I’m an Assistant Professor of Computer Science at the University of Colorado Boulder, affiliated with Information Science and the Boulder NLP Group, where I direct the Culture, Language, and Systems (CLS) Lab. Previously, I was a Young Investigator at the Allen Institute for AI and a postdoc at the Pioneer Centre for AI at the University of Copenhagen. I completed my PhD in Information Science at Cornell University, advised by David Mimno, and my master’s degree in Computational Linguistics at the University of Washington. Along the way, I’ve also spent time at ETH Zürich, Microsoft Research FATE, Twitter Cortex, and Facebook Core Data Science.


Research Interests

I’m a natural language processing (NLP) and cultural analytics researcher who works at the boundaries of computing and the humanities. My lab develops NLP methods to study the language systems that transmit and shape modern culture, from internet platforms to literary archives to language models. We frequently collaborate with interdisciplinary teams across the humanities and social sciences, with recent themes including narratives, science-of-science, and pretraining pipelines.
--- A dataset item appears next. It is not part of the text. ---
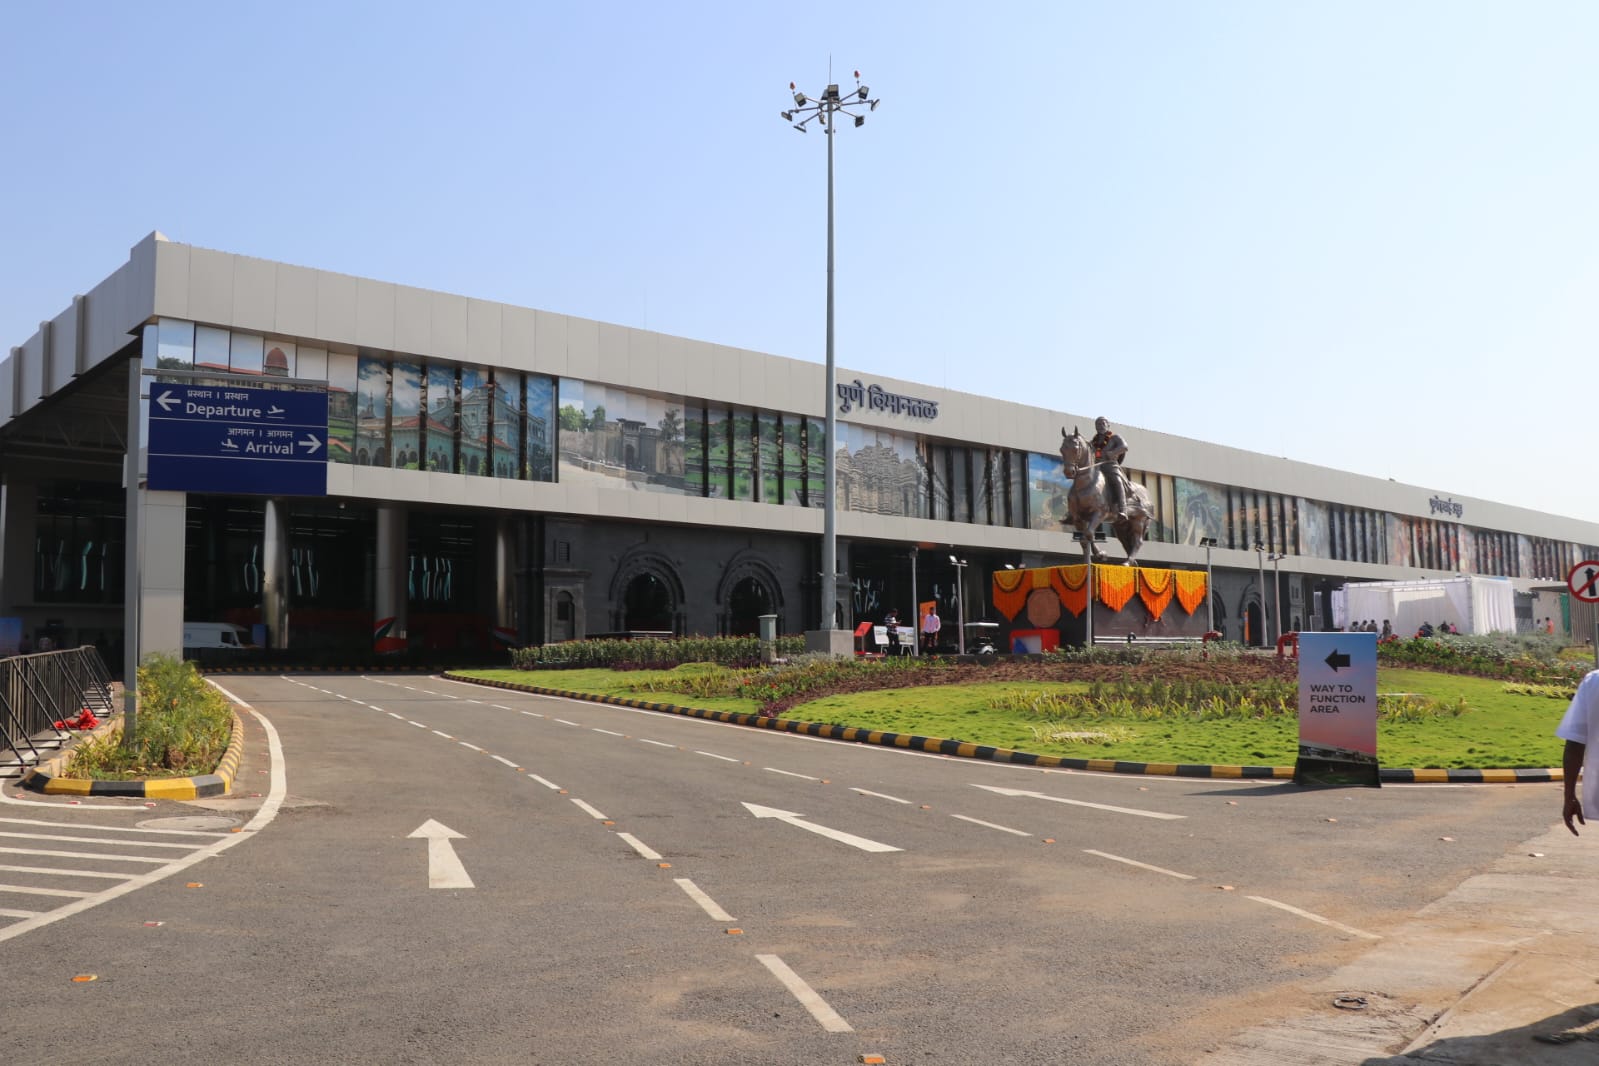 Pune Airport New Terminal | पुणे विमानतळाच्या नवीन एकात्मिक टर्मिनल इमारतीचे प्रधानमंत्री नरेंद्र मोदी यांच्या हस्ते दुरदृष्यप्रणालीद्वारे उद्घाटन

We treat computation as a tool for interpretation, and we work to keep people at the center of our research.


Selected Papers

Characterizing Narrative Content in Web-scale LLM Pretraining Data
Teagan Johnson, Elliott Ash, Andrew Piper, Maria Antoniak
preprint

so much depends / upon / a whitespace: Why Whitespace Matters for Poets and LLMs
Sriharsh Bhyravajjula, Melanie Walsh, Anna Preus, Maria Antoniak
EMNLP (2025)

Research Borderlands: Analysing Writing Across Research Cultures
Shaily Bhatt, Tal August, Maria Antoniak
ACL 2025

Trust No Bot: Personal Disclosures in Human-LLM Conversations
Maria Antoniak*, Niloofar Mireshghallah*, Yash More*, Yejin Choi, Golnoosh Farnadi
COLM 2024

Narrative Paths and Negotiation of Power in Birth Stories
Maria Antoniak, David Mimno, Karen Levy
CSCW 2019

full list of publications



Upcoming Travel & Talks

Jan 2027 Invited to give a keynote address at "Model/Making: Generating Digital Humanities," the annual conference of the Hong Kong Association of Digital Humanities, at the Education University of Hong Kong
Oct 2026 Invited to speak at the NLP for Positive Impact Workshop at EMNLP in Budapest
Oct 2026 Invited to speak at the Cultural Analytics Seminar at UC Berkeley
Sep 2026 Invited to speak at a conference on "Humanistic AI: Generative Models and the Future of Cultural and Historical Interpretation" at Duke University
Jul 2026 Attending IC2S2 in Vermont
Jul 2026 Invited to speak at the Culture x AI Workshop at ICML in Seoul
Jun 2026 Invited as a panelist and participant to the Interdisciplinary Science Summit hosted by Schmidt Sciences at Duke
Jun 2026 Invited to speak at the MAPS and FGVC Workshops at CVPR in Denver
Mar 2026 Attending AtmosphereConf and ATScience in Vancouver
Mar 2026 Invited to speak at the Language Technologies Institute Colloquium at Carnegie Mellon University
Mar 2026 Invited to speak at the NLP Seminar at the University of Pittsburgh
Mar 2026 Invited to speak at the Symposium on AI & Science at Cornell University
Feb 2026 Selected to attend the Artificial Intelligence Humanities Sandpit hosted by UK Research and Innovation in Montreal
Dec 2025 Invited to a seminar on digital literary history at the University of Copenhagen
Dec 2025 Invited to a working group on the "Science of Stories" at the Santa Fe Institute


Outreach

I was one of the lead organizers for AI for Humanists, a series of tutorials and workshops that guide interdisciplinary researchers in using large language models.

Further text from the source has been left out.